CAPÍTULO 4
FUNCIONAMIENTO SOMÁTICO Y MENTAL

Lo más característico respecto al funcionamiento del organismo en su conjunto, o de cualquier parte de éste, es el hecho de no ser constante sino altamente variable. En ocasiones nos sentimos bien, y a veces, no; algunas veces, nuestra digestión es correcta, en otras pesada; ciertas ocasiones nos enfrentamos a las situaciones más peligrosas con calma y reposo, en otras los inconvenientes más banales nos dejan enfadados y nerviosos. Esta carencia de uniformidad en el funcionamiento del cuerpo, es el precio que hay que pagar por ser organismos vivos y autoconscientes, irremediablemente envueltos en un proceso que tenemos que adaptar a condiciones obligadamente variables.

El funcionamiento de los órganos de la visión -el ojo que siente, el sistema nervioso que transmite y la mente que selecciona y percibe-, no está exento al variable accionar del organismo tomado como un todo, o de cualquiera de sus partes. La gente que cuenta con ojos sanos y hábitos correctos para su uso tienen, por así decirlo, un amplio margen de seguridad visual. Aún cuando sus órganos sensoriales no funcionen correctamente, ven lo suficientemente bien para los fines prácticos. Así pues, no son tan conscientes de las variaciones del funcionamiento visual, como lo son aquellos que tienen hábitos erróneos en su mecanismo visual, y que detentan ojos alterados.
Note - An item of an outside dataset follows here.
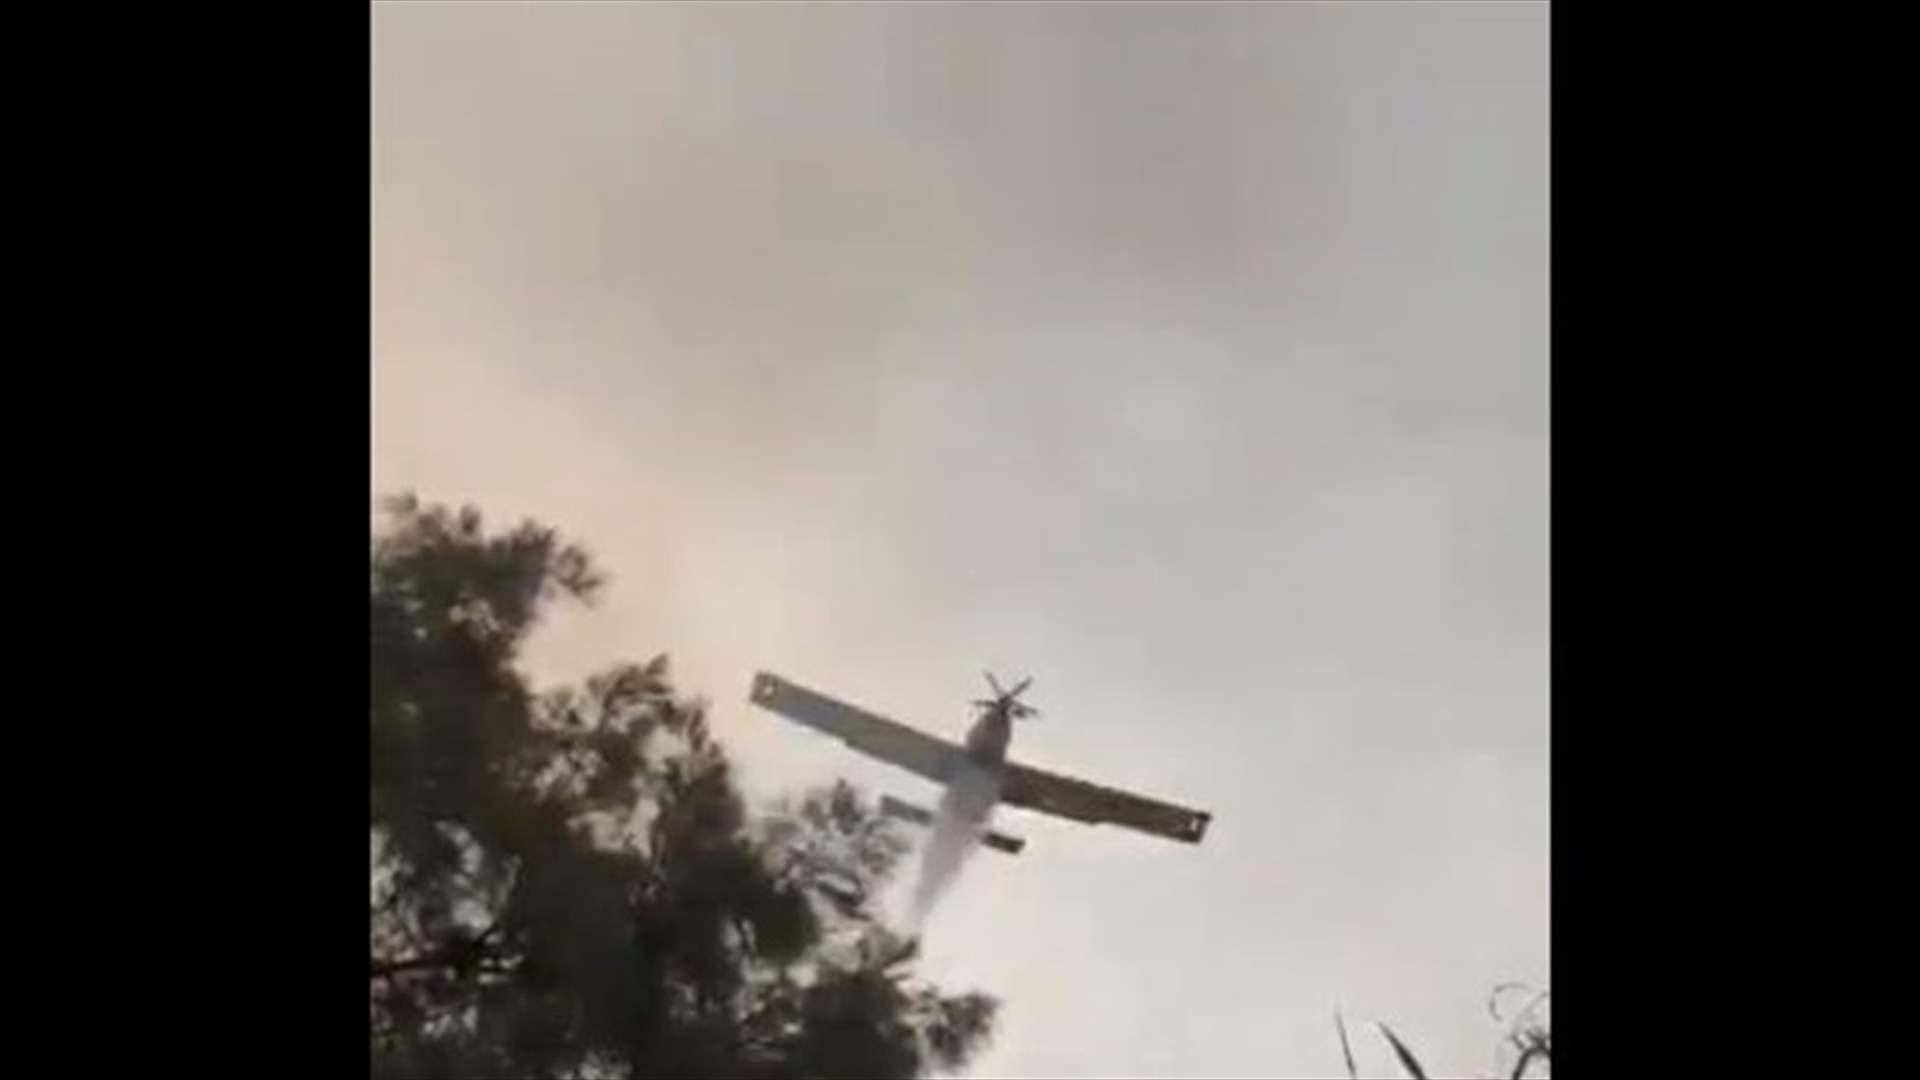 الطائرة القبرصية ترمي المياه على عناصر الدفاع المدني بدل النيران (فيديو)

Estos individuos, tienen un margen muy pequeño en su seguridad visual o carecen por completo de él, y en consecuencia, cualquier problema en su capacidad de visión produce resultados notables y, en muchas ocasiones, muy penosos.

Los ojos pueden alterarse por muchas enfermedades. Algunas sólo afectan los ojos; y en otras, la alteración ocular es un síntoma de disfunciones en otras partes del cuerpo, como en los riñones, el páncreas o las amígdalas.

Otras enfermedades y estados de complicaciones crónicas menos graves no provocan alteraciones orgánicas de los ojos, pero influyen sobre su funcionamiento, y en ocasiones, se traducen en un descenso general de la vitalidad física y mental.

Una mala dieta o posturas inadecuadas en el descanso, pueden también afectar la visión.

Hay también razones puramente psicológicas para un mal funcionamiento visual. La tristeza, la ansiedad, la irritación, el miedo y, cualquier emoción desagradable, pueden causar un mal funcionamiento pasajero, o si esas emociones son prolongadas, una alteración duradera.

Si nos basamos en estos hechos, que son asuntos de la vida cotidiana, vemos qué absurda es la conducta de la gente cuando se produce una disminución en la función visual. Pasando por alto el estado general de su cuerpo o de su psiquis, se apresuran a visitar al oculista, quien inmediatamente, les receta un par de anteojos. El examen lo suele hacer alguien que nunca antes trató al paciente y que, por lo mismo, no tiene el menor conocimiento de él como ente físico o como individuo. Sin pensar en que la posibilidad de que la insuficiencia en la visión se pueda deber a un mal funcionamiento pasajero, provocado por alguna alteración somática o psicológica, el individuo se coloca sus lentes; y luego de un breve lapso (algunas veces no tan breve) de molestias más o menos manifiestas, obtiene, comúnmente, una leve mejoría en su visión. Esta mejoría, sin embargo, hay que pagarla.

La consecuencia inmediata, será que jamás podrá dejar de usar lo que el doctor Luckiesh llamó "las útiles muletas"; al contrario, la fuerza de las "muletas" tendrá que aumentar en la misma proporción en que disminuya la capacidad de la visión por su influencia. Esto pasa cuando las cosas marchan bien. Pero hay una minoría de casos en que sucede algo peor, y en ellos el pronóstico es más grave.

En la infancia, el funcionamiento visual se puede alterar fácilmente por las emociones, las angustias y los esfuerzos. Pero en vez de dar los pasos conducentes a la eliminación de estos estados psicológicos y restablecer los hábitos adecuados para un correcto funcionamiento visual, los padres de un niño que se queja de dificultad para ver, se apresuran a ocultar sus síntomas mediante lentes artificiales. Con la misma ligereza con que le podrían comprar al niño un par de zapatos, o un delantal a la niña, adquieren unos anteojos para su hijo, obligando al individuo, desde su niñez, a usar un recurso mecánico del que dependerá por siempre si quiere neutralizar los síntomas del funcionamiento defectuoso.